═══ DATASET CONTENT
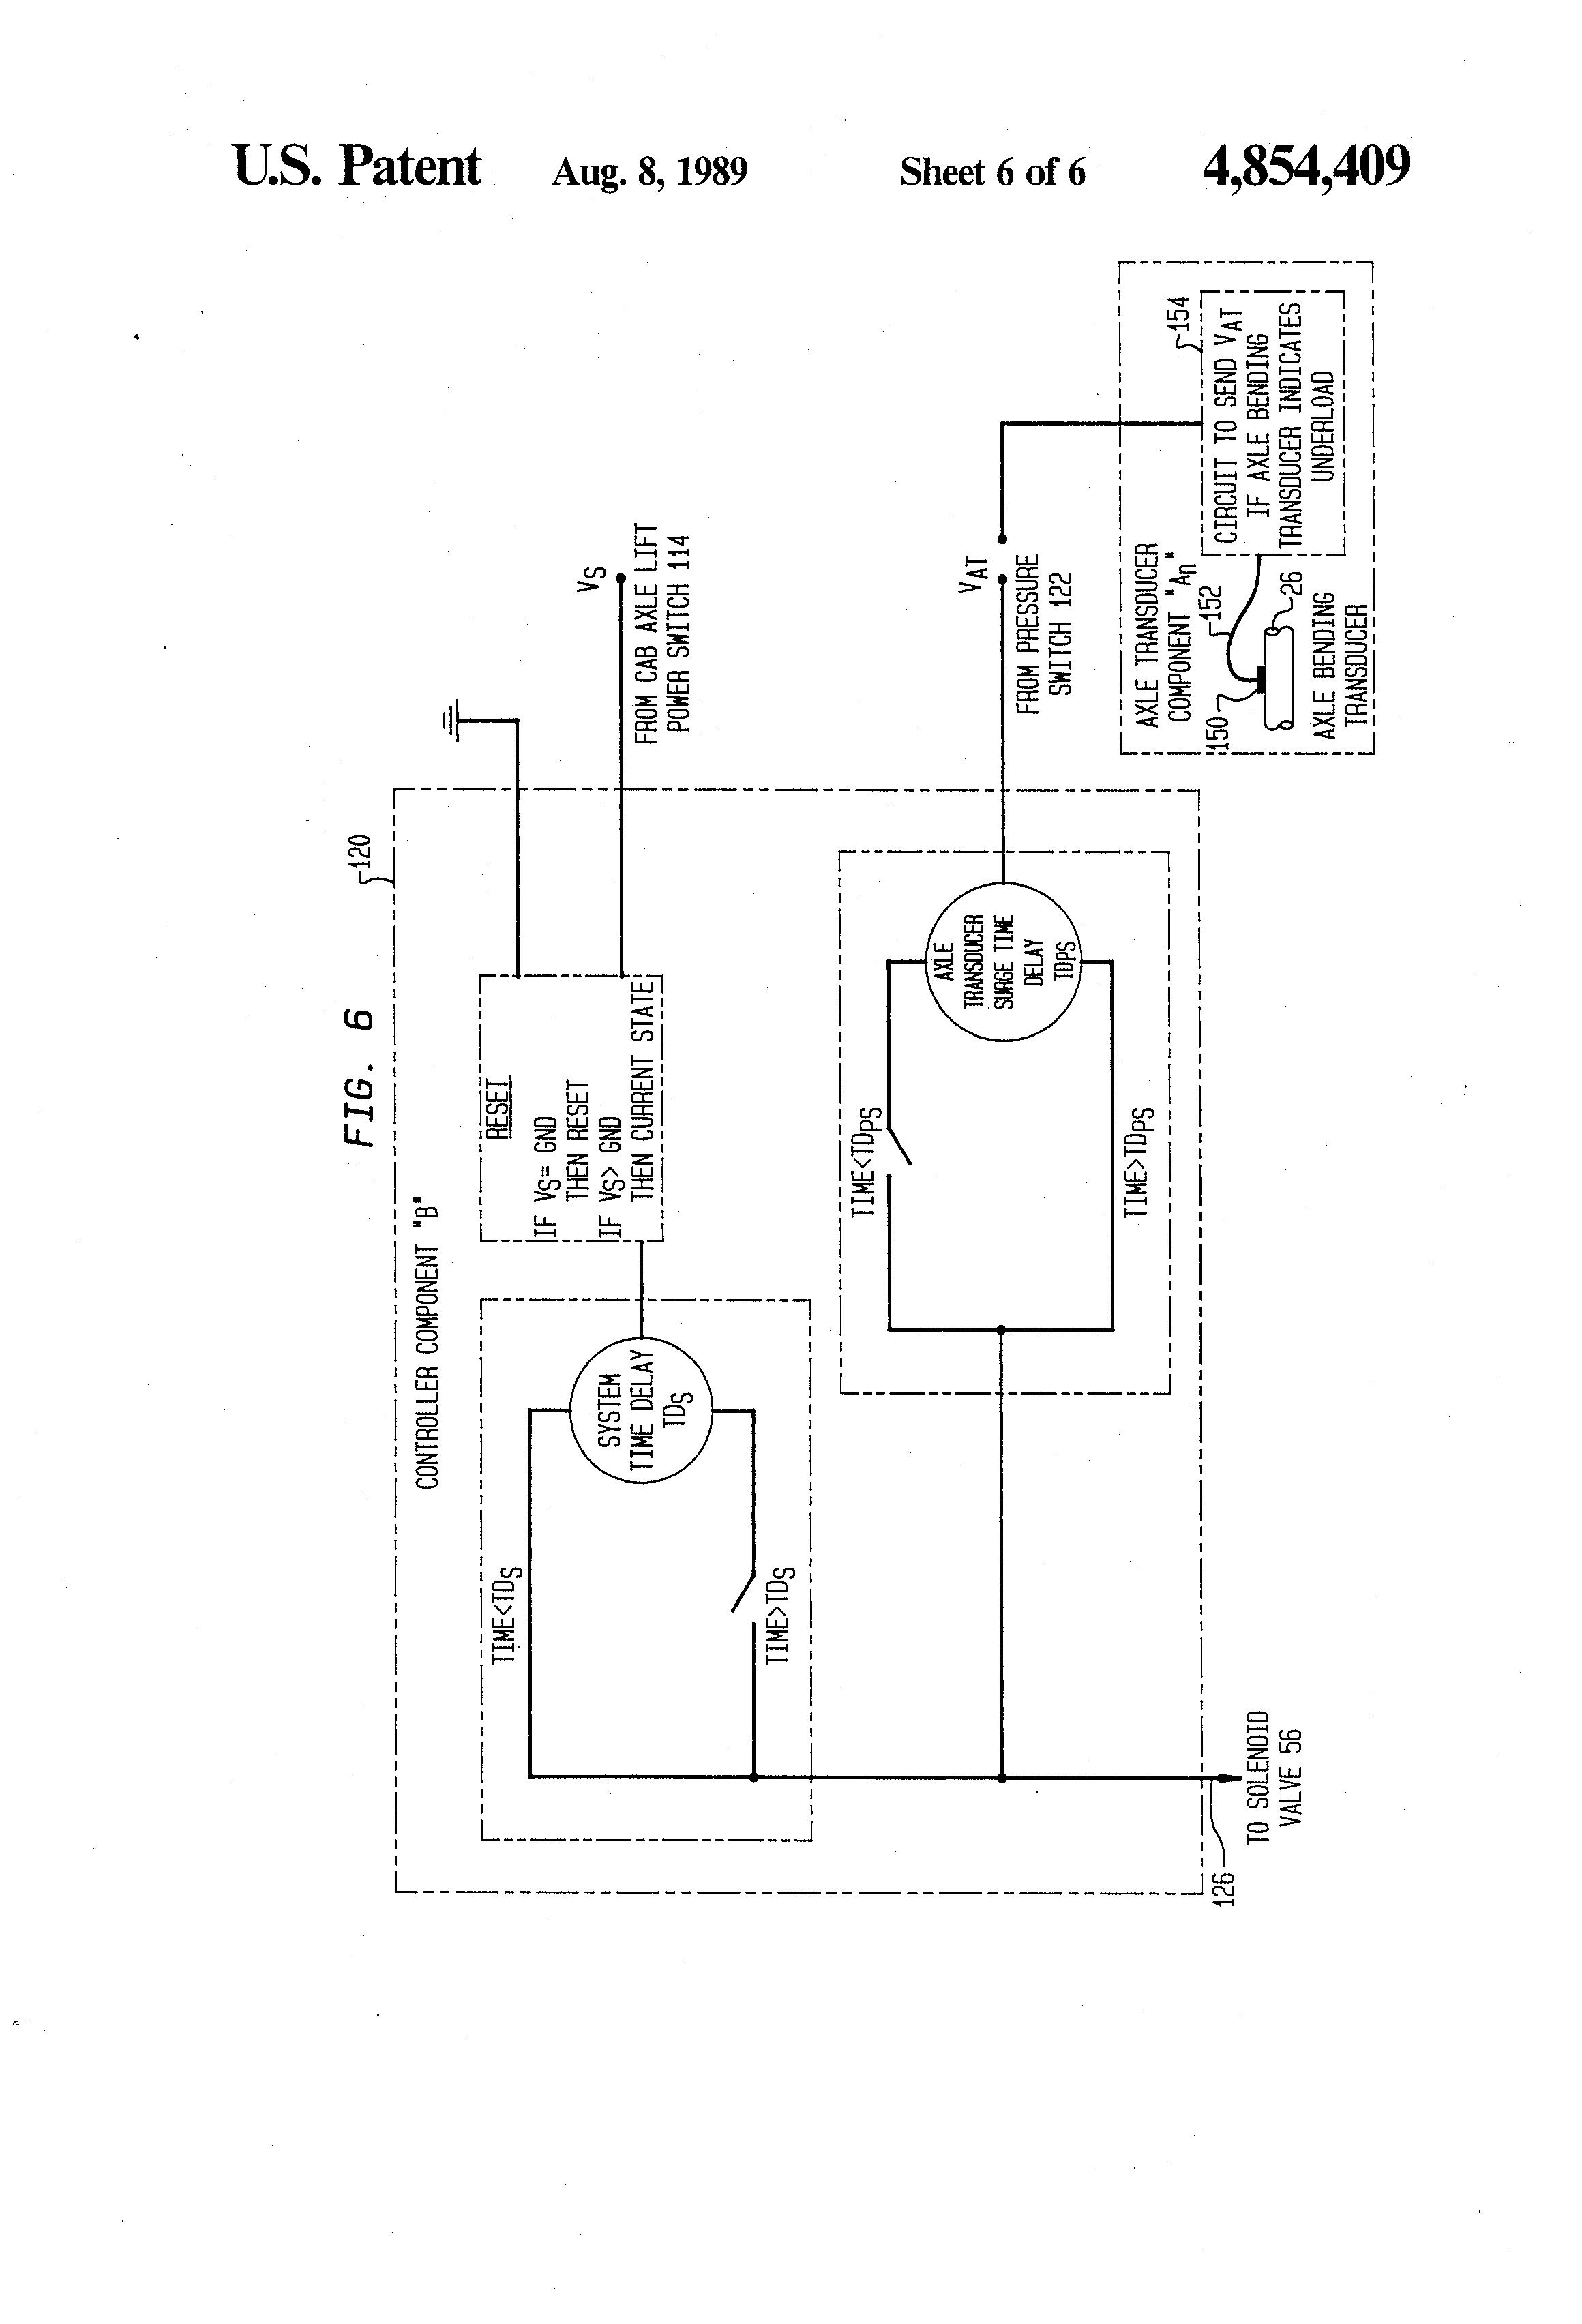 Air Ride Plumbing Diagram - Wiring Schematics Air Suspension Switch Wiring Diagram on
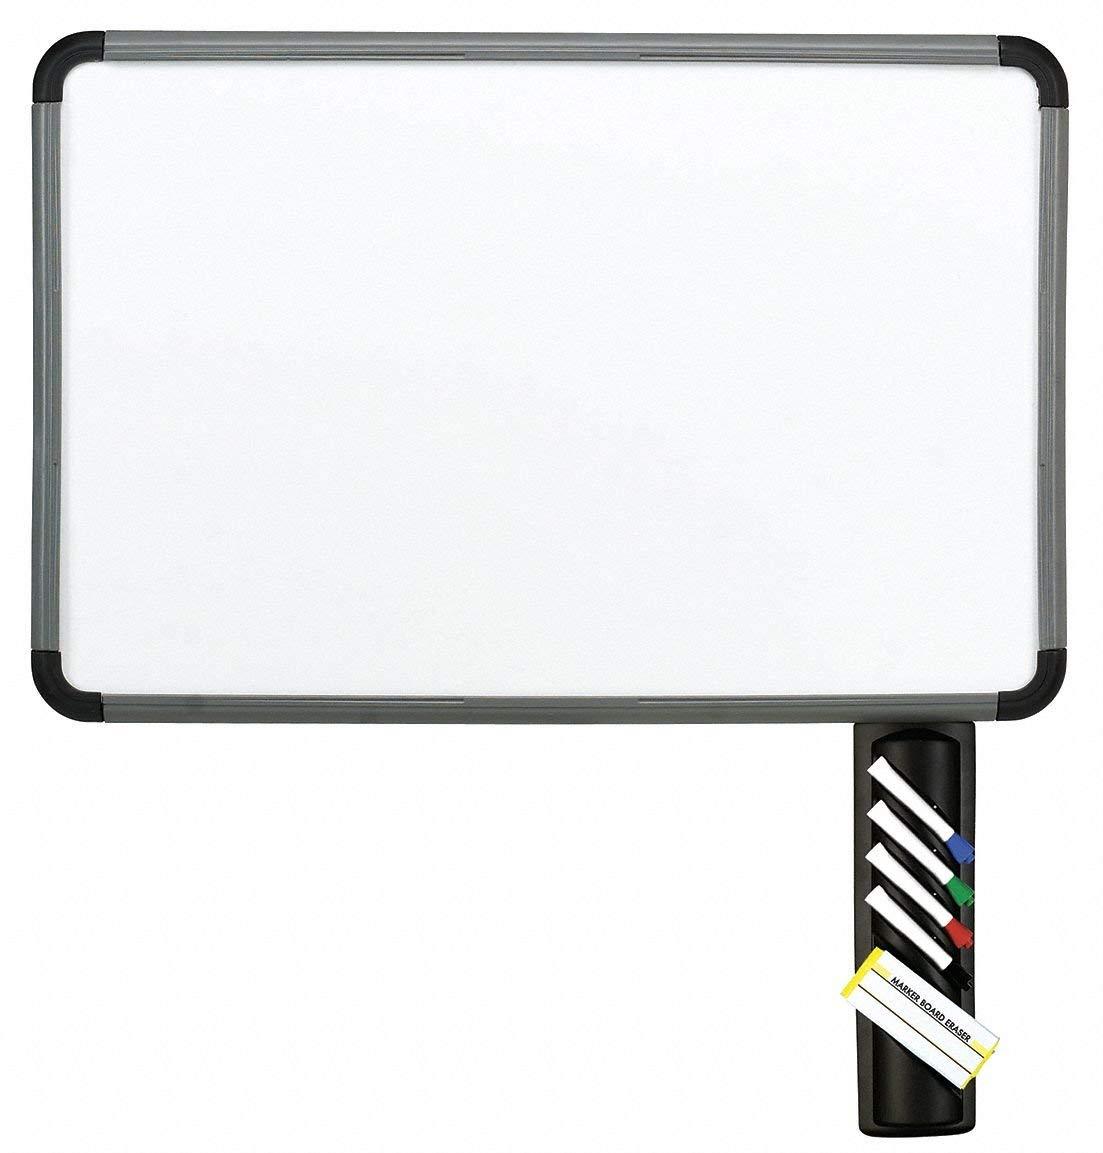 "Iceberg Gloss-Finish Melamine Dry Erase Board, Wall Mounted, 24""H x 36""W, White"
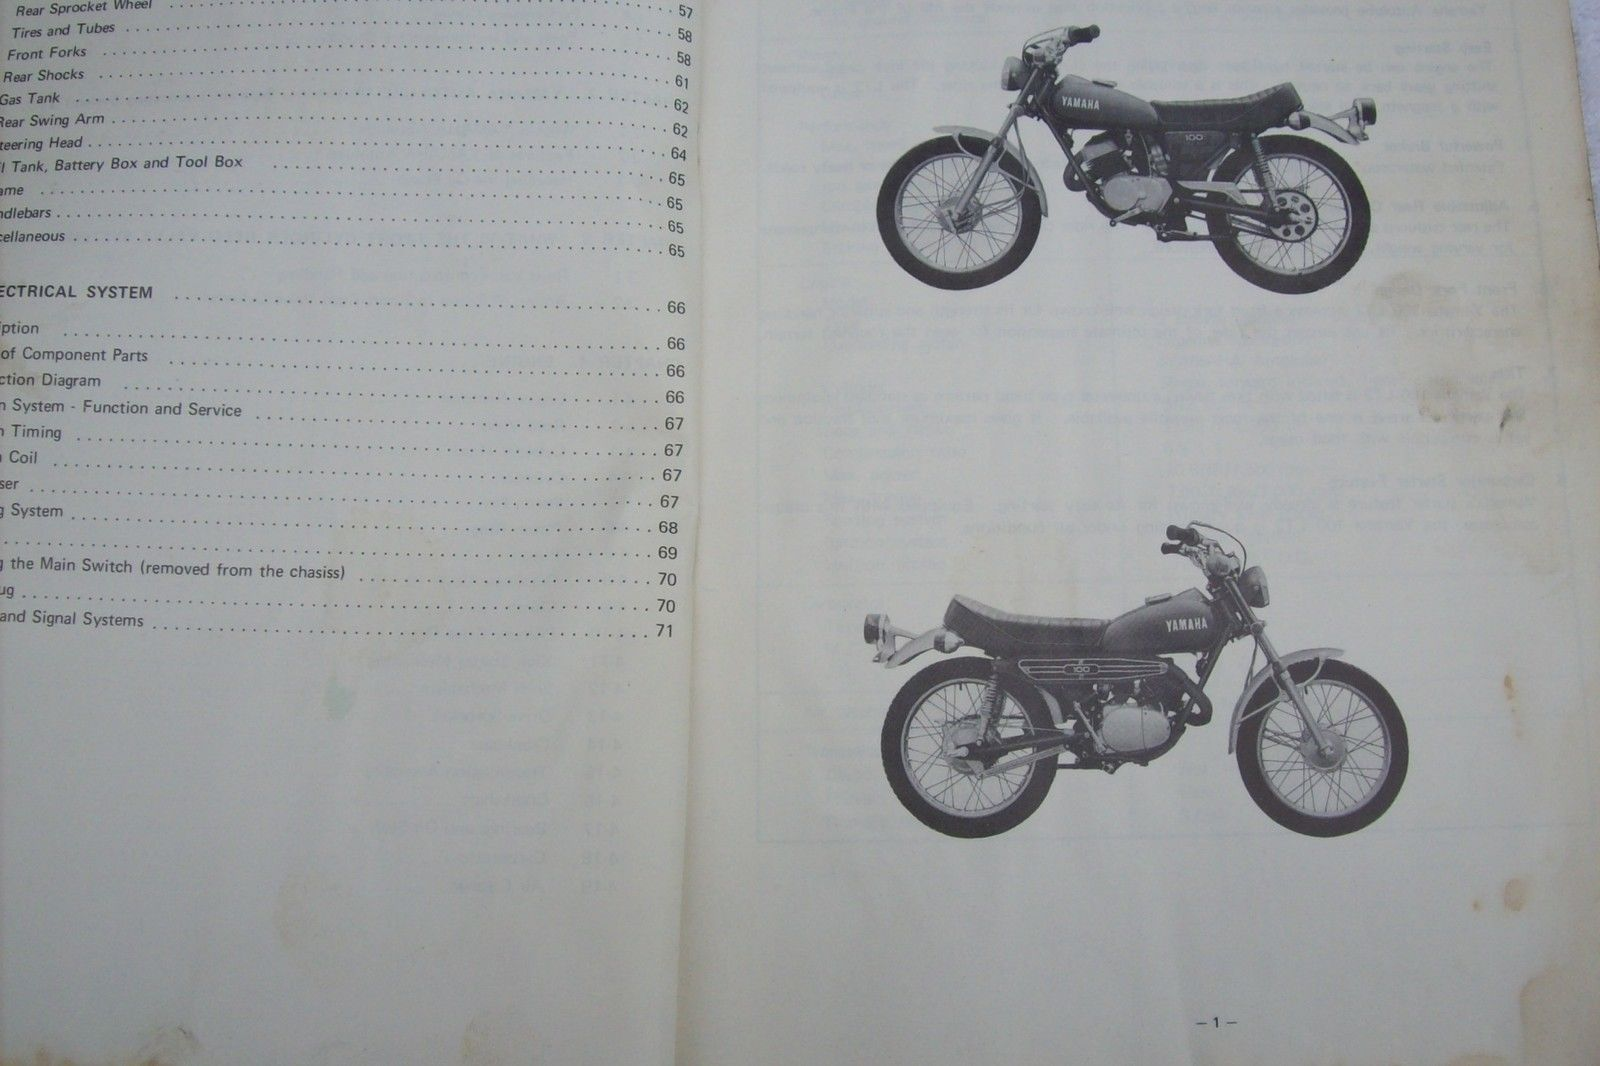 yamaha Array - 72 yamaha service manual lt2 100 enduro vintage bike parts  ahrma mx rh pinterest
══════
**ABOUT THIS EXERCISE**
Please set down, word for word, the lines starting at the line that holds "Gloss-Finish Melamine Dry" and running to the end of the listing, with no pictures.

**RESPONSE BELOW**
 "Iceberg Gloss-Finish Melamine Dry Erase Board, Wall Mounted, 24""H x 36""W, White"
 yamaha Array - 72 yamaha service manual lt2 100 enduro vintage bike parts  ahrma mx rh pinterest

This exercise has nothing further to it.